Todo final de ano é a mesma coisa. É sair pra
comprar presentes de última hora e enfrentar filas desumanas nos shoppings. É
arrumar briga nos estacionamentos por causa de uma vaga. É reunir a família pra
comemorar uma data que ninguém sabe direito o que é. É quase querer desistir da
vida com a programação de fim de ano da TV.
E reunir a família é sempre a mesma coisa. Parentes
distantes que deveriam continuar distantes. Aquela gente que parece que se
reúne só pra reclamar da vida, fazendo um verdadeiro campeonato de desgraças,
cada um querendo fazer o papel de vítima protagonista. Tudo isso, fora aqueles
presentes que só vão ocupar espaço em nossas vidas, pois, no que depender da
gente, nunca serão utilizados.
O natal tem seus personagens típicos e eu não estou
falando do Papai Noel, do Jesus Cristo ou do Roberto Carlos. Em todas as
famílias existe uma tia que sempre dá aqueles presentes de deixar qualquer um
com vergonha. Ela esquece que às vezes a gente só quer um presente normal, que
não precisa ser nada criativo. Também me refiro ao pai, que sempre ganha meias
ou cuecas, como se essas fossem as únicas necessidades de um homem. Me refiro ao
tio que enche a cara e começa a falar “verdades”. Esse é “o cara”. Confesso que
esse é o meu personagem preferido, contanto que ele não se lembre da minha
existência. O tio faz o papel que nunca tivemos coragem de assumir, traduzindo
os nossos pensamentos inescrupulosos em palavras que sóbrios jamais
conseguiríamos pronunciar. E o melhor de tudo é que já vem com a desculpa
pronta do “bebi demais”. Ele usa o álcool como facilitador social e não sofre
sansão alguma. Eu quase conseguiria sentir inveja, se a situação não fosse tão
medíocre. Até acho que todo mundo passa a “mão por cima” desse tio porque, no
fundo no fundo, o seu desabafo é o mesmo desabafo de qualquer outro presente na
festa de natal.
Todo natal é aquela champanhe meia-boca (pra não
falar da sidra), aquele calor senegalês cada vez pior (maldito aquecimento
global), aquele amigo secreto que nunca conseguiu ser realmente secreto (gente
que não consegue guardar a língua dentro da boca). Todo natal são desenterradas
aquelas musiquinhas-que-nunca-deveriam-ter-sido-gravadas e que grudam na cabeça
da pobre criatura, sem contar o parente que sempre ressuscita o cd da Simone.

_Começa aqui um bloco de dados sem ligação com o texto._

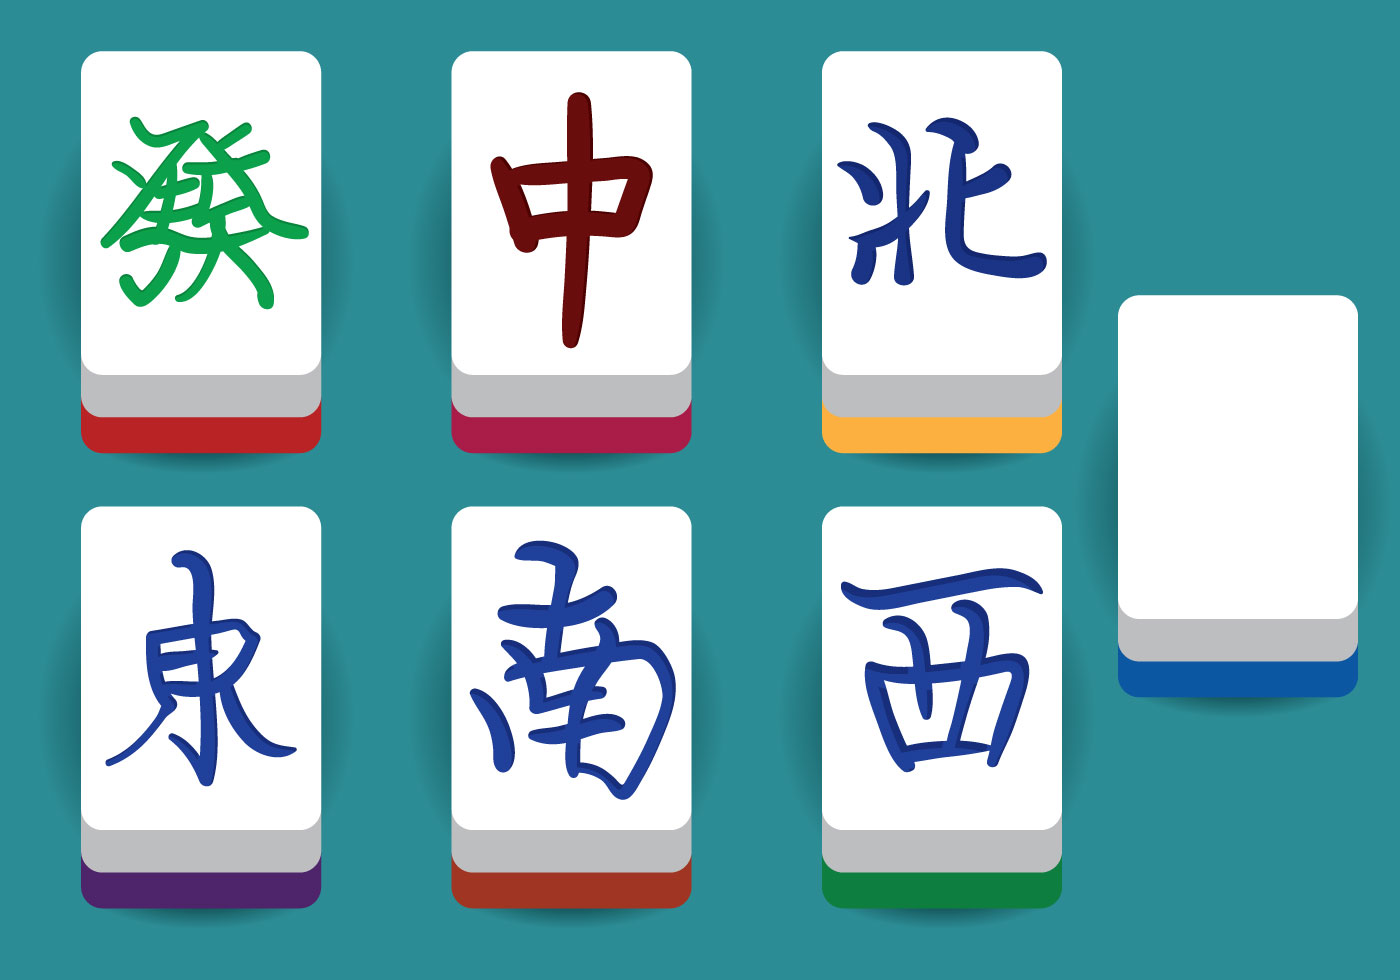 Download the Mahjong Vector Elements 104170

Todo natal as mães se reúnem pra exibir e comparar seus filhos aos das outras
e, de quebra, falar mal de mães alheias. As mesmas pessoas que dizem que não
deveriam comer demais são as que dão panetones de presente.
Acho que é isso: o natal é a festa da “boca pra
fora”, a celebração máxima da hipocrisia, que fecha o ano-que-podia-ter-sido-e-não-foi
com chave de ouro. É quando começam a surgir todas aquelas
promessas-que-vão-mudar-a-sua-vida para o ano novo, mas que não vão passar da
ressaca do réveillon.
Neste Natal, quero registrar todo o meu
reconhecimento ao tio bêbado, que todo o ano dá um toque mais sincero ao meu
final de ano. Fica aqui o meu sincero agradecimento.